Factorial Calculator

What is a factorial and why does it grow so fast

The factorial of a non-negative integer n, written as n!, is the product of all positive integers from 1 up to n. By definition, 0! = 1. So 1! = 1, 2! = 2, 3! = 6, 4! = 24, 5! = 120, 10! = 3,628,800, and 20! = 2,432,902,008,176,640,000. Factorials grow extremely quickly — faster than any polynomial and faster than any exponential with a fixed base. By 100!, the number has 158 digits, and by 170!, it has 307 digits and is close to the maximum value representable in standard 64-bit floating-point arithmetic.

Factorials appear throughout mathematics, statistics, and computer science. The most common use is in counting permutations: n! is the number of ways to arrange n distinct items in a sequence. If you have 5 books, there are 5! = 120 different orders in which you can arrange them on a shelf. Factorials also appear in the formulas for combinations and permutations (C(n, r) and P(n, r)), in binomial coefficients used in probability and the binomial theorem, in Taylor and Maclaurin series expansions of functions like e^x and sin(x), and in the formulas for number theory results.

For results above n = 20, this calculator shows the value in scientific notation because the numbers become too large to read as integers. The number of digits in n! is shown using Stirling's approximation approach via summing logarithms of all factors, which is more numerically stable than direct multiplication for large n.

The maximum supported value is n = 170. This is because 171! exceeds the maximum finite value of a 64-bit double-precision floating-point number (approximately 1.8 x 10^308). Above this limit the result would be listed as Infinity in JavaScript, which is not useful. For values beyond 170, arbitrary-precision arithmetic libraries are needed.

Key factorial values for reference

0! = 1 (by definition). 1! = 1. 5! = 120. 10! = 3,628,800. 12! = 479,001,600. 15! = 1,307,674,368,000. 20! = 2.43 x 10^18. 52! is approximately 8.07 x 10^67, which is the number of ways to shuffle a standard 52-card deck (an astronomically large number, larger than the number of atoms in the observable universe). 100! is approximately 9.33 x 10^157. These values illustrate how factorials produce numbers of staggering size even for relatively small inputs.

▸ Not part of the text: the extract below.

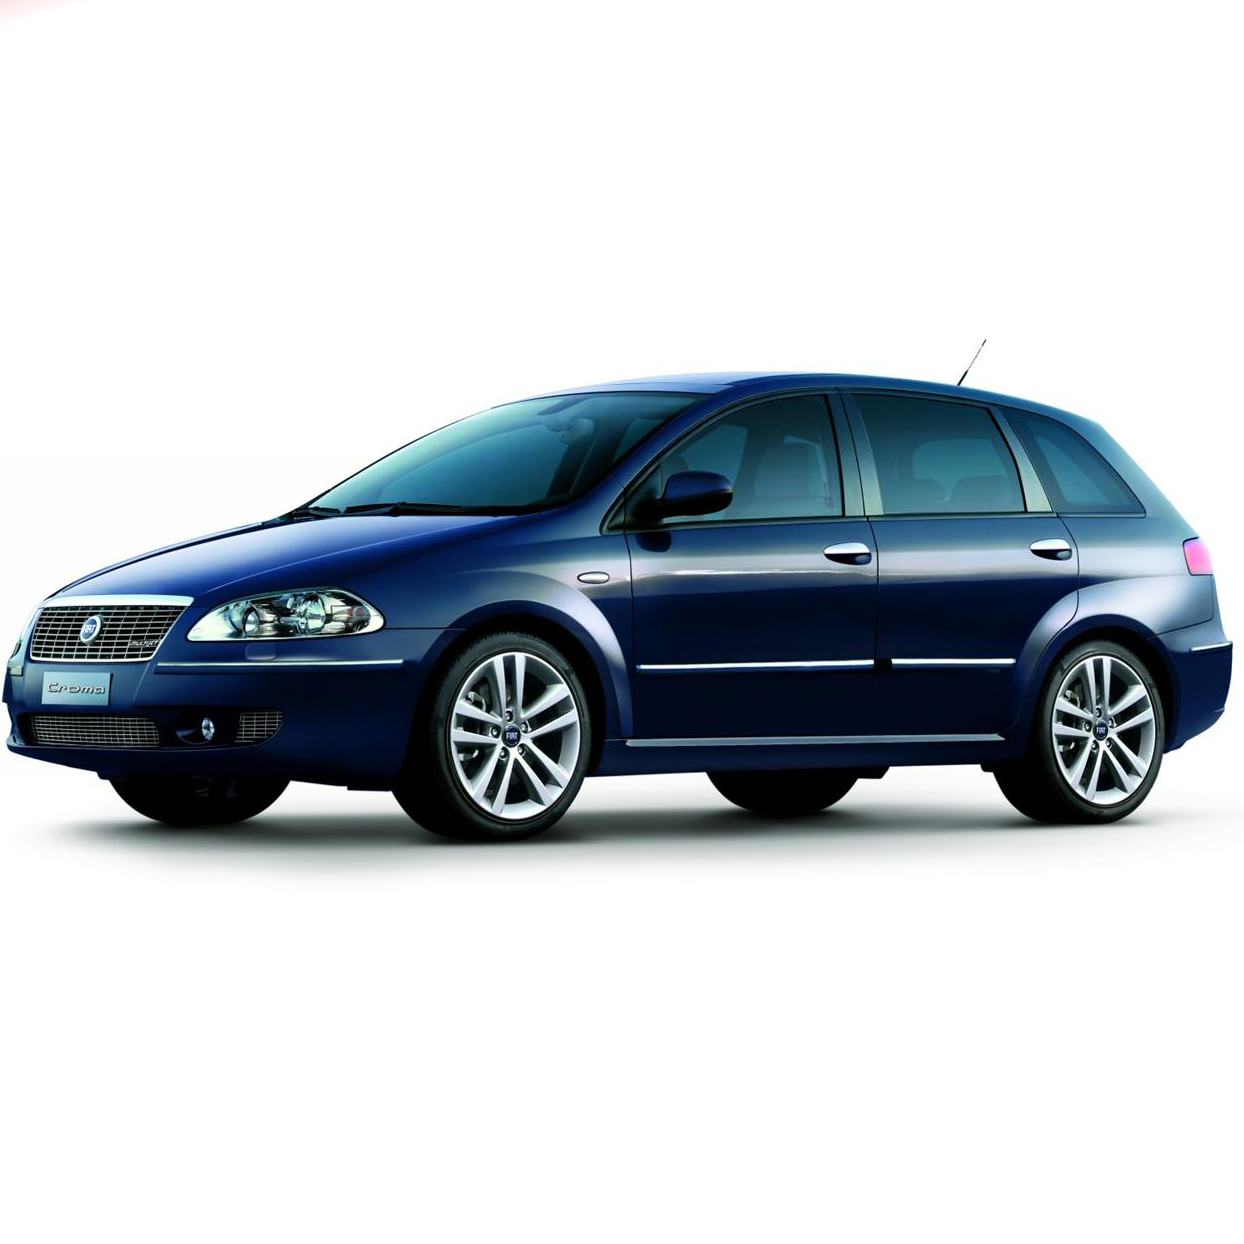 Fiat Croma 2005 - 2010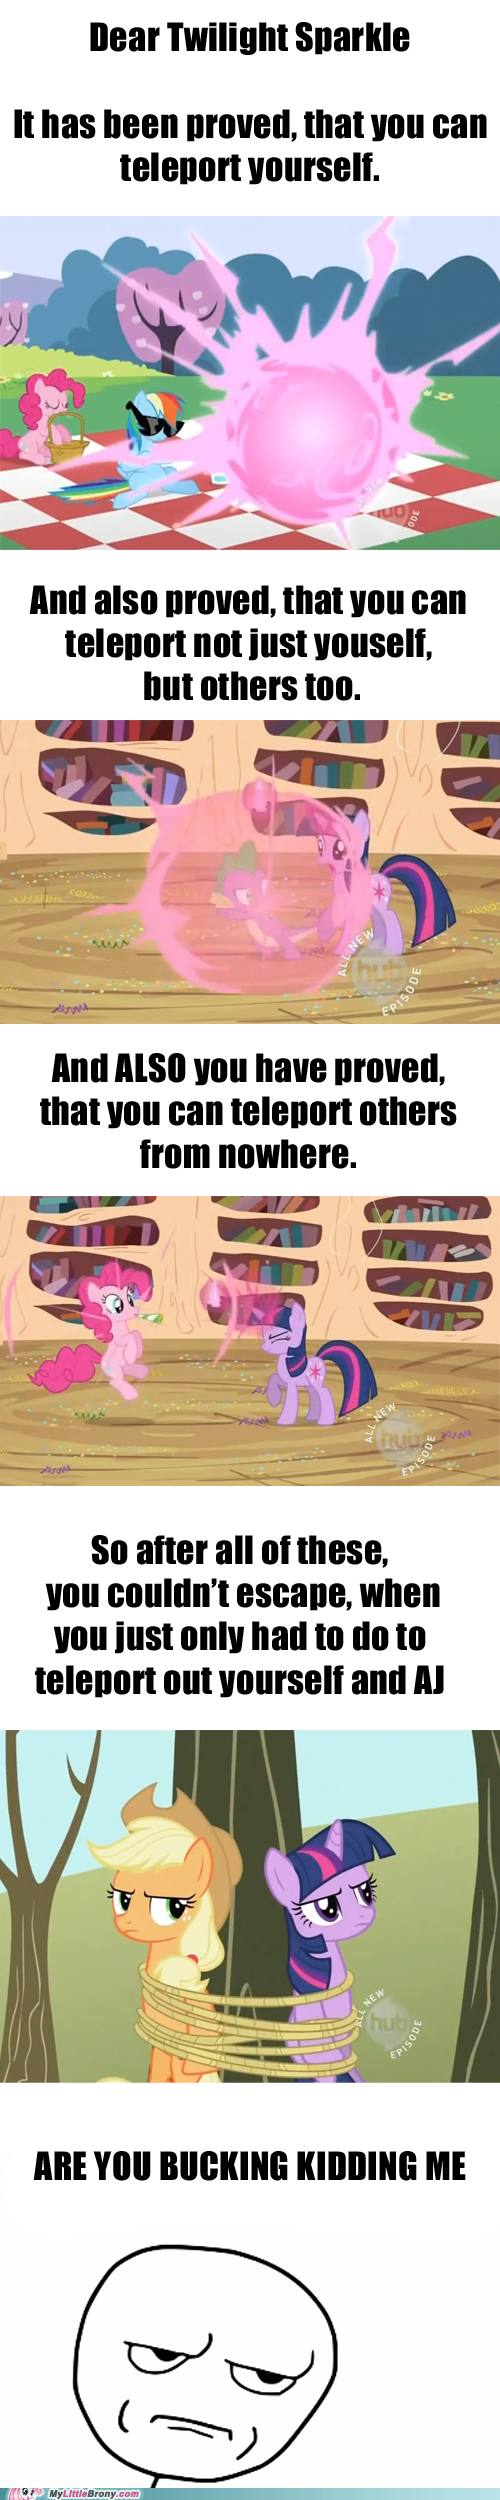 applejack bucking kidding me ponies teleport twilight - 5557398272

Recursive definition and practical computation

Factorials can be defined recursively: n! = n x (n - 1)!. This means 5! = 5 x 4!, and 4! = 4 x 3!, and so on down to 0! = 1. This recursive structure is used in computer science to illustrate recursion as a concept, and in mathematical proofs where a result for n is derived from the result for n - 1. In practice, iterative computation (multiplying from 1 up to n in a loop) is more efficient and avoids the call-stack depth limitations of recursive code. This calculator uses the iterative approach for all values.